Friday 28 October 2022

M is for Mail Centre

I was prompted to write this by an encounter with a customer on Wednesday who called in wanting to stop the package she had posted the previous day at the post office. She didn't like the answer I gave her and so called customer service, who told her to come back and ask again. It was something of a waste of everybody's time. I confess I don't know in detail how the mail centre functions but I know stuff goes in one end and comes out the other and goes on to its intended destination. While the vast majority of mail and parcels probably now come direct from businesses we still collect from post boxes and post offices every day and dispatch everything at the end of the day to the mail centre. It seemed impossible to find a picture of a mail centre that was busy and full of yorks, this one  looks half empty. The times I passed through Manchester mail centre when I was doing covid kit collections it was always busy and crowded. 
So this is roughly what happens when you post a letter:
A postman comes and empties the box and brings it back to their delivery office.
It is loaded with the letters from all the other boxes onto a york (big metal trolley things).

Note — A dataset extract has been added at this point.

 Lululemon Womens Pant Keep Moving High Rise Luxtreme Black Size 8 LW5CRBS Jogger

At the end of the day a lorry arrives from the mail centre and takes it away.
They are fed through a machine that reads the postcode and they are separated and dispatched to the mail centre that is appropriate for its destination.
A bigger lorry takes it to the next mail centre.

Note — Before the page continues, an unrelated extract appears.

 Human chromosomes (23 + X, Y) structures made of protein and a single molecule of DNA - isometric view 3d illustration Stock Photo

Letters are fed into sorting machines that sort them to the appropriate delivery office and walk.
Yet another machine sorts the letters (well some of them) into the right order to be delivered.
They are loaded into boxes, put back on a york and dispatched to the appropriate delivery office.

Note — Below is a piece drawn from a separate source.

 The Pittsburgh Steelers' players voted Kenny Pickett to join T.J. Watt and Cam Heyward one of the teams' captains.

At the delivery office the posties sort the mail into their walk frames. We can't just take the box of walk-sorted mail out because only about half of the mail is sorted this way so it must still be prepped for delivery.
Then the postie bundles the letters and smaller packets up and puts them in delivery bags ready for delivery.
Once something is in the system the only place it is going is the address on the front.
So no, you can't get your packet back. I hope that clears that up.
(Disclaimer: this A to Z is not official Royal Mail advice, except by coincidence.)

Stay safe. Be kind. Get your covid booster.